The Indian Cellular Electronics Association, which represents domestic electronics manufacturers, called on the Union government to slash import duties for smartphone parts in the upcoming Union Budget, arguing that doing so would boost export volumes by allowing assembly firms to purchase a higher quantity of components. These tariffs are effectively higher than those in place in Vietnam and China, the ICEA pointed out in a press release.

The main reason this demand is being made now is that the market for phones assembled in India is saturating. “India’s domestic production [of smartphones] exceeds domestic demand, while simultaneously domestic smartphone demand except in the very high-end phones is slowing down,” the industry body said, pointing to a plateauing of demand for new handsets.
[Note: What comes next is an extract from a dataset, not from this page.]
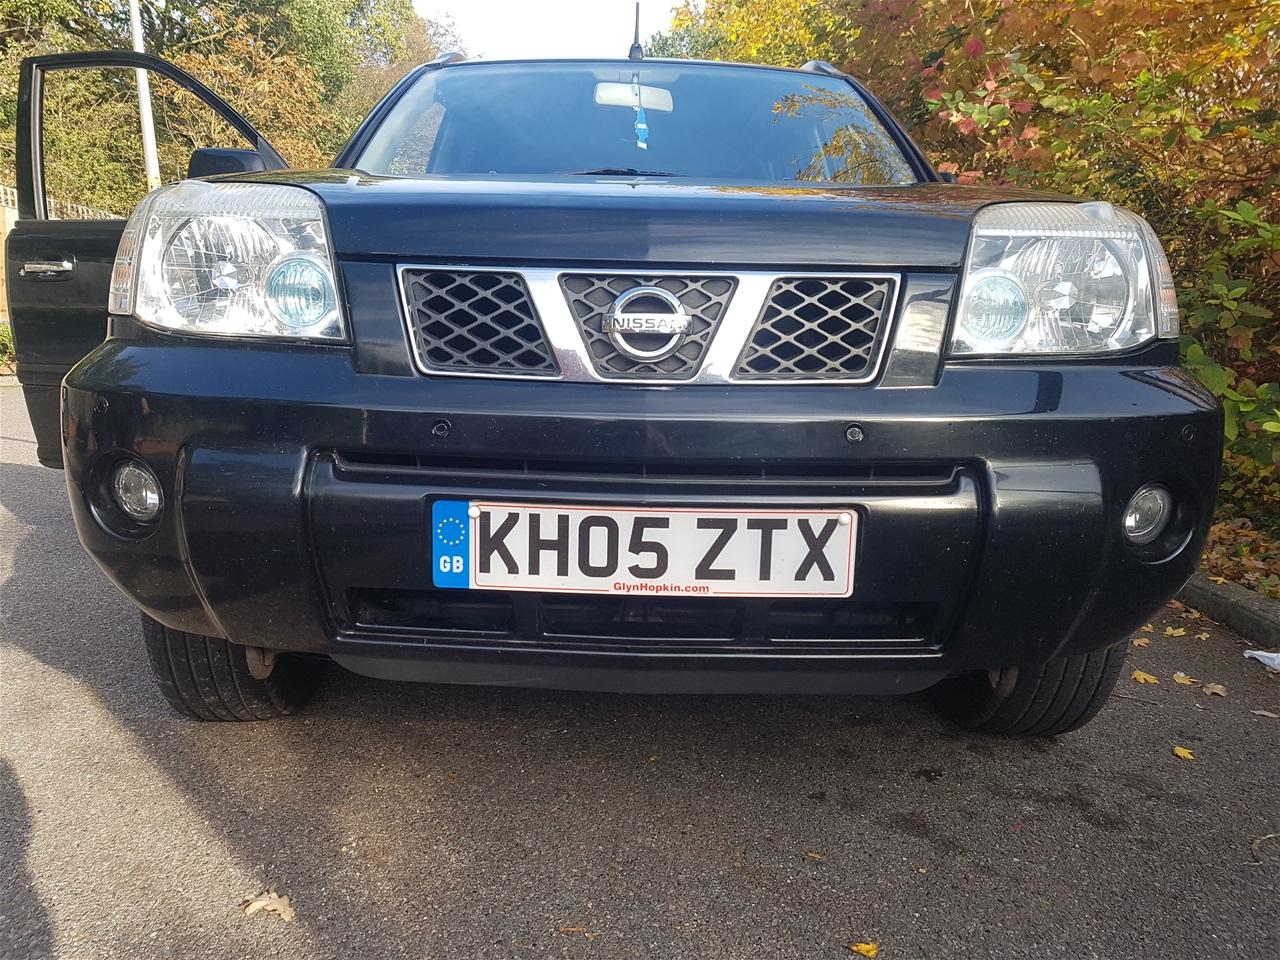 Nissan X-Trail front parking sensors

China and Vietnam have lower tariffs for smartphone components, and they also import these parts heavily from countries they have free trade agreements with, or do manufacturing in duty-free ‘bonded zones,’ bringing assembly units’ expenses on parts even further. 

Also read:Explained | What should be done with electronic waste? 

The demand marks a shift for Indian assembly units, which had earlier advocated for import tariffs so that they would be able to compete with foreign firms. “We were in the ICU,” Pankaj Mohindroo, ICEA’s chairperson said. “Now, things have changed.” Most smartphones sold in India are assembled in India, he pointed out, with the market going “from 78% import dependency in revenue terms in 2014-15 to only 4% in 2022-23”. 

Mr. Mohindroo indicated that the motivation to impose duties on smartphone parts was not particularly compelling anymore — a domestic component ecosystem would come into place once there were greater volumes of handsets being assembled in India, something he said lower tariffs would facilitate. Domestic suppliers were actually taking advantage of tariff-impacted imports by expanding their prices until there was a barely “noticeable difference” between imported and domestically made components, an outcome he characterised as anti-competitive. 

The ICEA recommended a “glidepath” that would transition tariffs for smartphone parts in the 20% slab to 15%, fifteen percent to 10%, and eliminate tariffs altogether. “To position India as a global manufacturing powerhouse, it is strategic to focus on the most impactful aspects of smartphone production rather than aiming to locally produce every single one of the components,” ICEA said in its report to the government.